2.2.2. Childhood environmental exposures
Home environment was measured at 6 years with the Home Observation for Measurement of the Environment-Short Form (HOME-SF) (Caldwell and Bradley, 1984) (Teen cohort) and the Home Screening Questionnaire (HSQ) (Frankenburg and Coons, 1986) (Adult cohort). The HSQ correlates well with the HOME (Frankenburg and Coons, 1986). Both instruments measure the quality and quantity of support available to the child for cognitive, social, and emotional development. The HSQ and HOME-SF scores were transformed to z-scores and combined for the analyses.
Maternal Depression and Hostility were assessed at all phases. For this study, these measures from the 6-year assessment were used to ensure that none of the children had begun to drink. Maternal depressive symptoms were assessed using the CES-D (Radloff, 1977). Maternal hostility was measured using the Spielberger State-Trait Anxiety Inventory (Spielberger et al., 1983).
Childhood maltreatment was measured by the Childhood Trauma Questionnaire (CTQ) (Bernstein and Fink, 1998), a well-validated self-report instrument that measures lifetime exposure to physical and emotional abuse and neglect and sexual abuse. It was scored as the cumulative total of all subscales for which the score was above the cut-point for “moderate to severe abuse.” The data from the 16-year follow-up captured lifetime exposure and were examined as an ordinal variable to assess the total maltreatment exposure to five types of abuse and neglect.
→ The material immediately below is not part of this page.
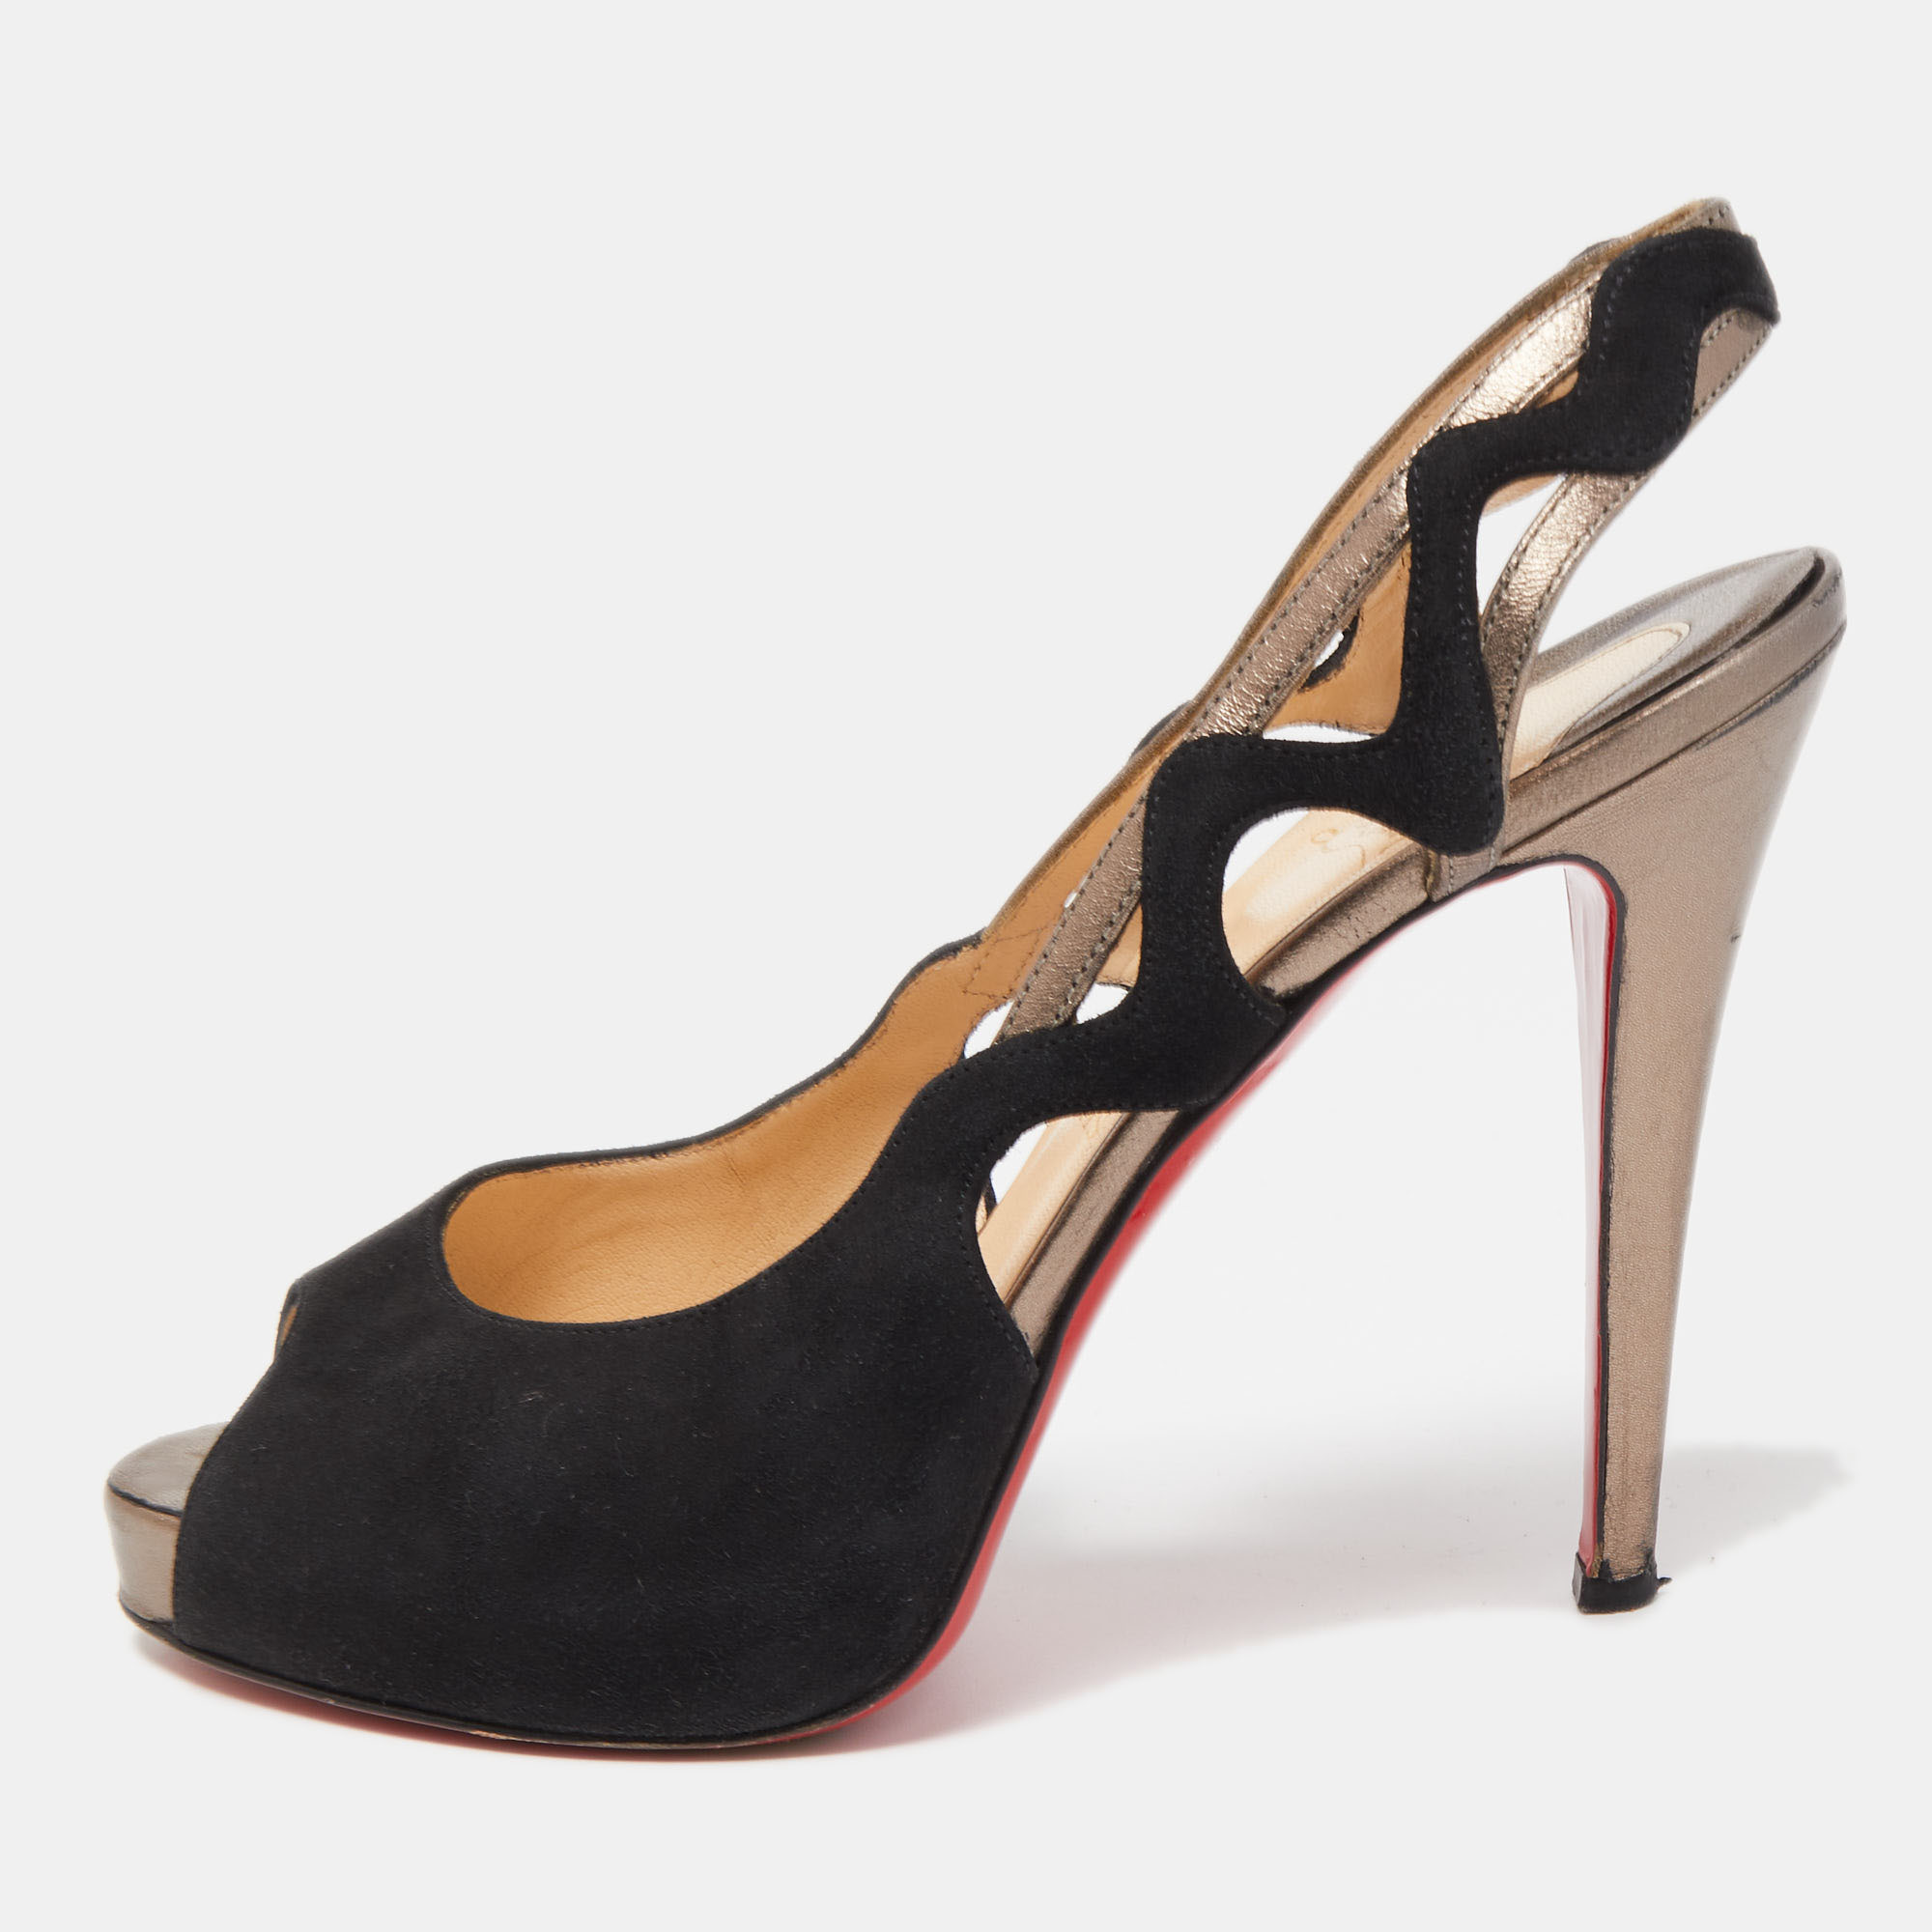 Pre-owned Christian Louboutin Black Suede And Leather Slingback Pumps Size 38.5

The Screen for Adolescent Violence Exposure (SAVE; Hastings and Kelley, 1997) assessed child’s exposure to violence over his/her lifetime. The SAVE is a self-report scale for assessing community violence exposure. We adapted the SAVE for our study, changing the Likert-scale ratings into dichotomous (yes/no) responses. For these analyses, lifetime history of violence exposure collected during the 16-year follow-up phase was the sum of personal victimization incidents such as having been shot or shot at, beaten, and hurt/stabbed by a knife.
Parenting practices were measured by the My Parents instrument (Steinberg et al., 1992) and collected at the 16-year follow-up phase. This is an assessment of parenting practices as reported by adolescents. This measure has three scales: acceptance/involvement, strictness/supervision, and psychological autonomy granting scale.
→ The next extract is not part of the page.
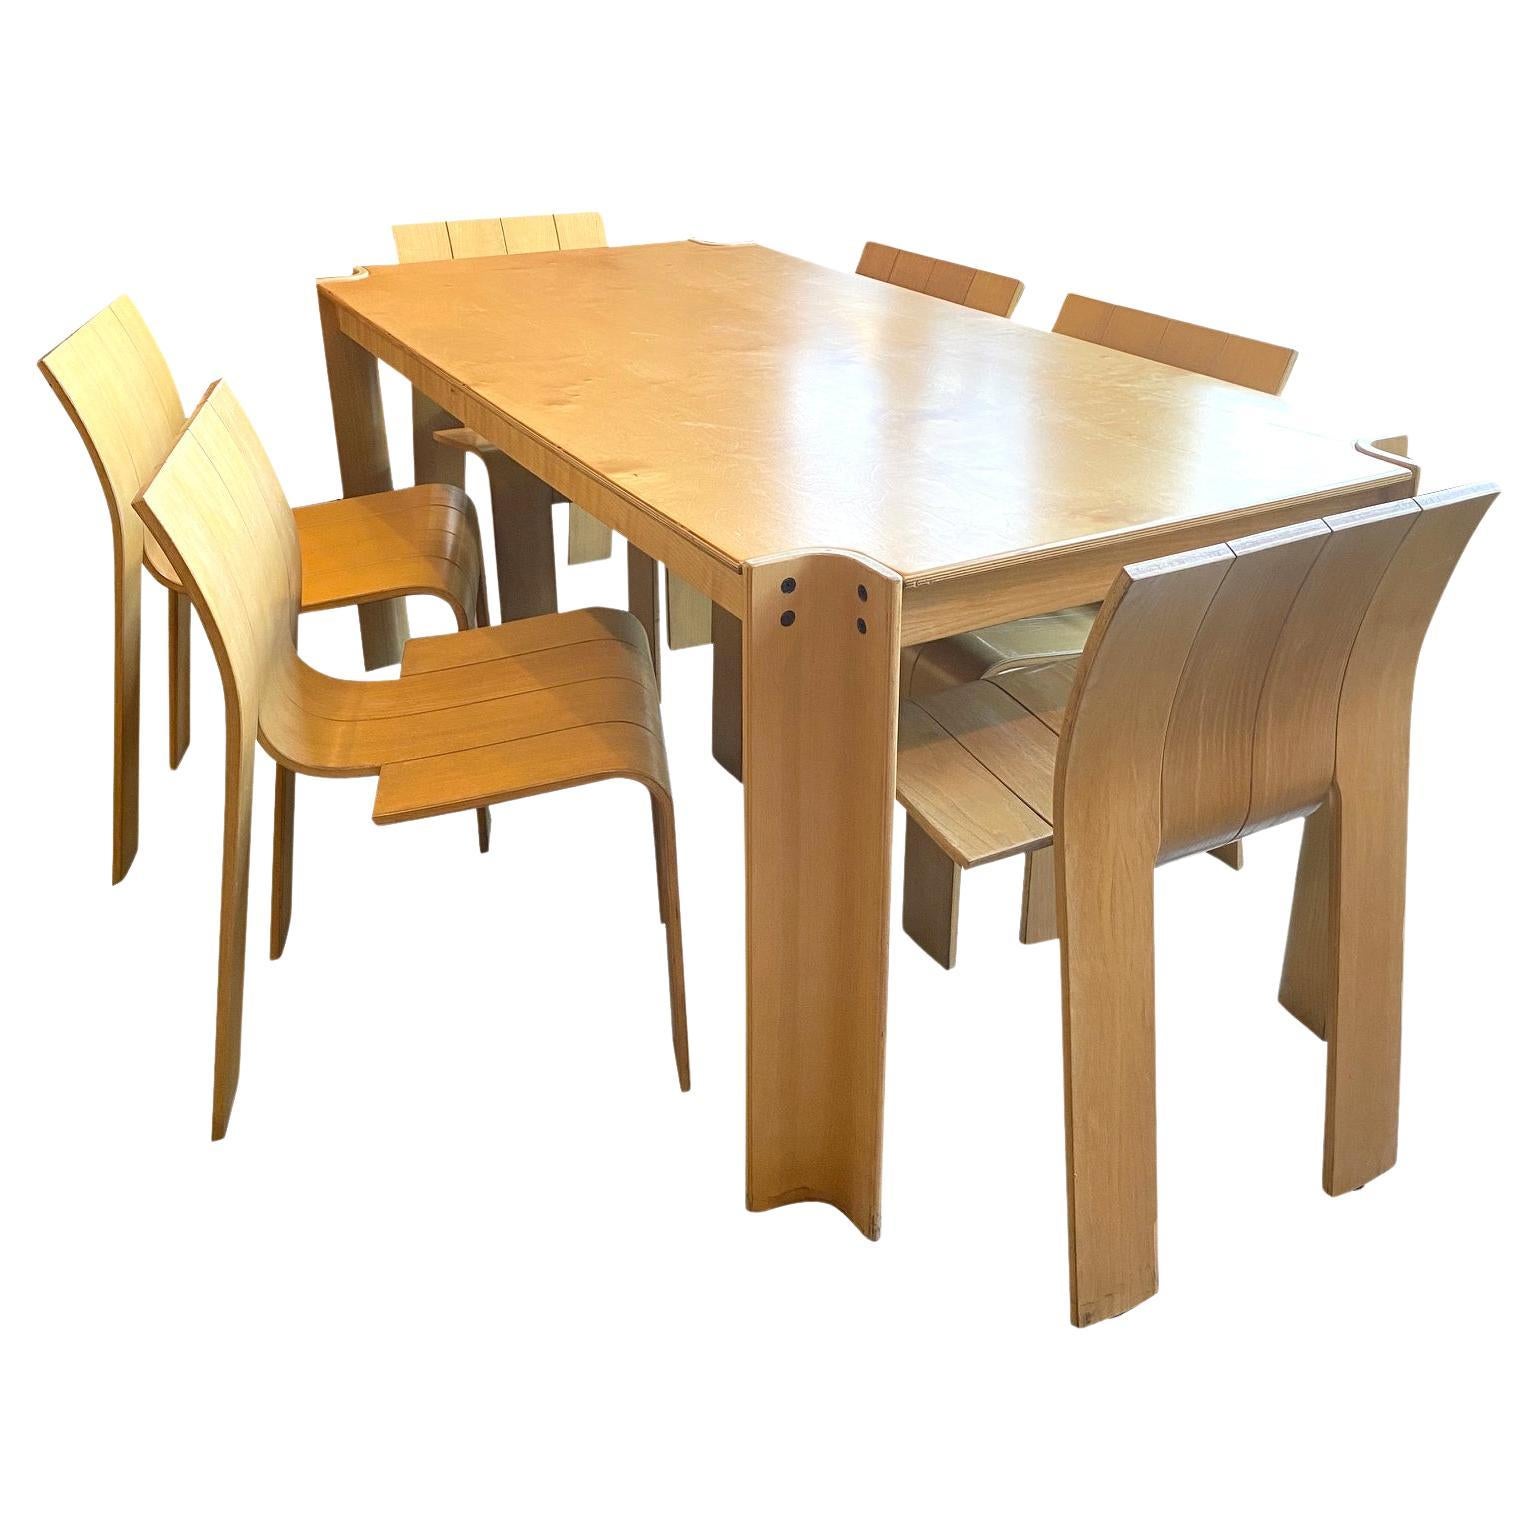 Bakker “Strip” Dining Table and Chair Set, NL, 1970’s For Sale

2.2.3. Childhood behavioral measures
The Child Behavior Checklist (CBCL; Achenbach, 1991) has 118 problem items reported by the mother. Child internalizing and externalizing scales at age 6 were considered as potential intervening variables for this study because this age precedes the age of alcohol initiation. The CBCL has adequate reliability; test-retest scores for all of the problem scales were between 0.8 and 0.9.
The SNAP is a 25-item rating scale completed by mothers (Pelham and Bender, 1982) to assess child activity level, attention span, impulsivity, and peer interactions. The subscales of activity, attention and impulsivity from age 6 were used in the analyses.
2.3. Drinking outcome measures
Questions for adolescent Alcohol Use were developed by Donovan (1994). Measures included quantity, frequency of beer, liquor, wine, and wine and beer coolers. Offspring drinking was measured at ages 10, 14, and 16 years. The key outcome for this analysis was past year frequency and quantity of alcoholic beverages at mid-adolescence using the 16-year phase. Adolescents who had had their first full drink were asked: “During the past year, on the days that you drank (specific beverage), how many (specific containers) did you usually drink?” Next, they were asked: “How often did you drink this amount?” Responses included: every day; almost every day; 3–4 times a week; 1–2 times a week, 2–3 times a month; once a month; 6–11 times a year; 1–5 times a year. From these quantity and frequency items, average daily number of drinks was calculated. Questions were repeated for beer, wine liquor, wine coolers and beer coolers. For the analyses, level of alcohol use was based on average daily drinks and was categorized into 0, <1 drink/week, and ≥1 drinks per week.
2.3.1. Sociodemographic covariates
The sociodemographic covariates included race (dichotomous), child age, child gender (dichotomous), maternal education (years of education), and economic hardship. Maternal age at recruitment at the fourth gestational month was used as a continuous variable. Economic hardship was constructed as a latent variable from three measures: monthly family income, ability to handle bills, and financial strain (Hardaway and Cornelius, 2014). Financial strain was constructed from three questions in the maternal interview that inquired how often mothers were short of money at the end of the month, could not buy essential things for their child, and could not do extra things for their child.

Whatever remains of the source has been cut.